Answer to Problem 41E

The 95% confidence interval for the proportion of tenth-graders who plan to attend college using small-sample method is $0.357<p<0.801$.

Explanation of Solution

Calculation:

Constructing confidence intervals for a proportion with small samples:

If x represents the number of individuals in a sample of size n that has certain characteristic and p is the population proportion, then

The adjusted sample proportion is, $\tilde{p}=\frac{x+2}{n+4}$.

The confidence interval for p is, $\tilde{p}-z_{\frac{\alpha }{2}}\sqrt{\frac{\tilde{p}\left(1-\tilde{p}\right)}{n+4}}<p<\tilde{p}+z_{\frac{\alpha }{2}}\sqrt{\frac{\tilde{p}\left(1-\tilde{p}\right)}{n+4}}$ or $\tilde{p}\pm z_{\frac{\alpha }{2}}\sqrt{\frac{\tilde{p}\left(1-\tilde{p}\right)}{n+4}}$.

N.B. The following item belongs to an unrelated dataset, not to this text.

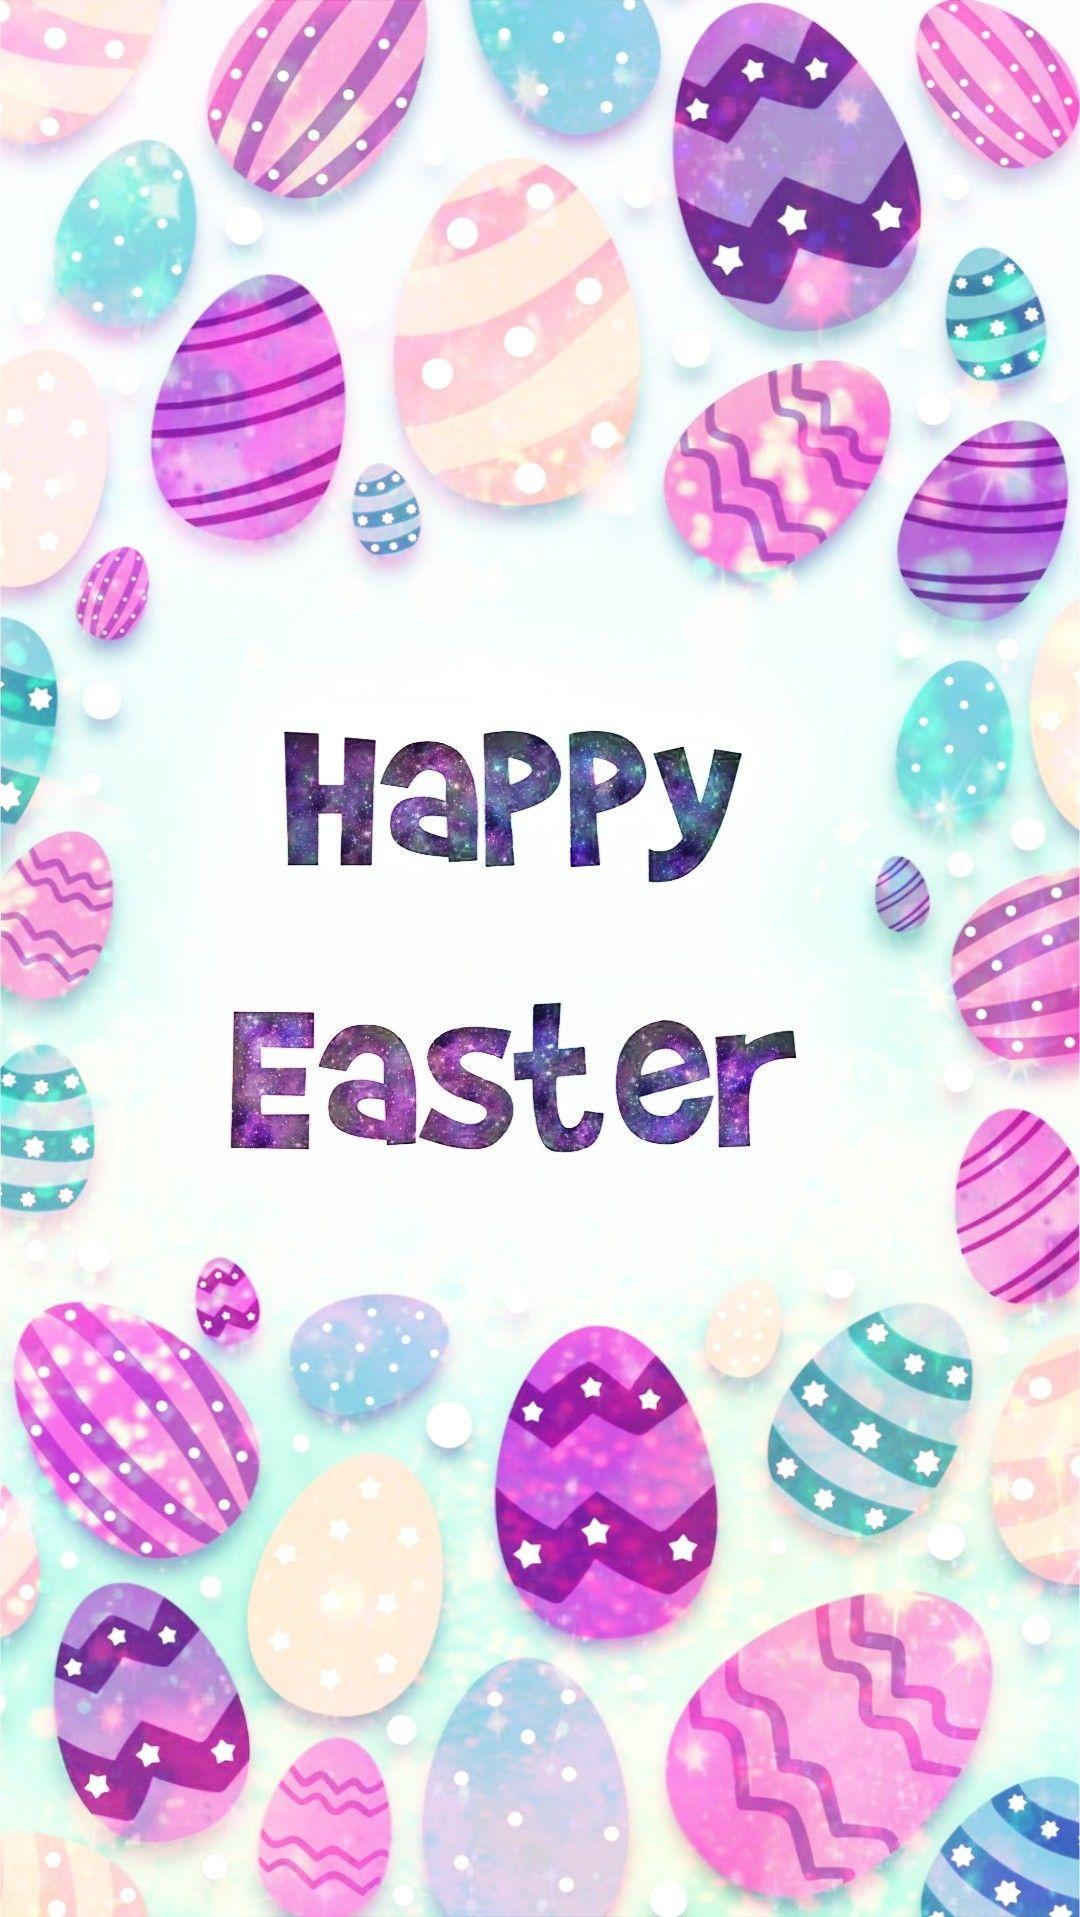 Glittery Happy Easter, made by me #patterns #purple #glitter

Substitute x as 9 and n as 15 in the formula of adjusted sample proportion,

$\begin{array}{c}\tilde{p}=\frac{x+2}{n+4}\\ =\frac{9+2}{15+4}\\ =\frac{11}{19}\\ =0.5789\end{array}$

From the bottom row of Table A.3: Critical Values for the Student’s t Distribution, the critical value $z_{\frac{\alpha }{2}}$ for 95% confidence level is observed as 1.96

Now, substitute $\tilde{p}$ as 0.5789, $z_{\frac{\alpha }{2}}$ as 1.96 and n as 15 in the formula,

$\begin{array}{c}\text{Confidence interval}=\tilde{p}-z_{\frac{\alpha }{2}}\sqrt{\frac{\tilde{p}\left(1-\tilde{p}\right)}{n+4}}<p<\tilde{p}+z_{\frac{\alpha }{2}}\sqrt{\frac{\tilde{p}\left(1-\tilde{p}\right)}{n+4}}\\ =\left(\begin{array}{l}0.5789-1.96\sqrt{\frac{0.5789\left(1-0.5789\right)}{15+4}}<p\\ <0.5789+1.96\sqrt{\frac{0.5789\left(1-0.5789\right)}{15+4}}\end{array}\right)\\ =0.5789-1.96\sqrt{\frac{0.2438}{19}}<p<0.5789+1.96\sqrt{\frac{0.2438}{19}}\\ =0.5789-1.96\left(0.1133\right)<p<0.5789+1.96\left(0.1133\right)\end{array}$

$\begin{array}{c}=0.5789-0.2220<p<0.5789+0.2220\\ =0.3569<p<0.8009\\ =0.357<p<0.801\end{array}$

Thus, the 95% confidence interval for the proportion of tenth-graders who plan to attend college using small-sample method is $0.357<p<0.801$.

c.

To determine

Construct a 95% confidence interval for the proportion of tenth-graders who plan to attend college using traditional method.

Answer to Problem 41E

The 95% confidence interval for the proportion of tenth-graders who plan to attend college using traditional method is $\left(0.352,0.848\right)$.

Explanation of Solution

Calculation:

Confidence interval:

Software procedure:

Step-by-step software procedure to obtain the confidence interval using MINITAB software is as follows,

• Choose Stat > Basic Statistics > 1-Proportion.
• Choose Summarized data.
• Enter Number of events as 9 and Number of trials as 15.
• Choose Options.
• In Confidence level, enter 95.
• In Alternative, select not equal.
• Click OK in all the dialogue boxes.

Output using MINITAB software is as follows

Thus, the 95% confidence interval for the proportion of tenth-graders who plan to attend college using traditional method is $\left(0.352,0.848\right)$.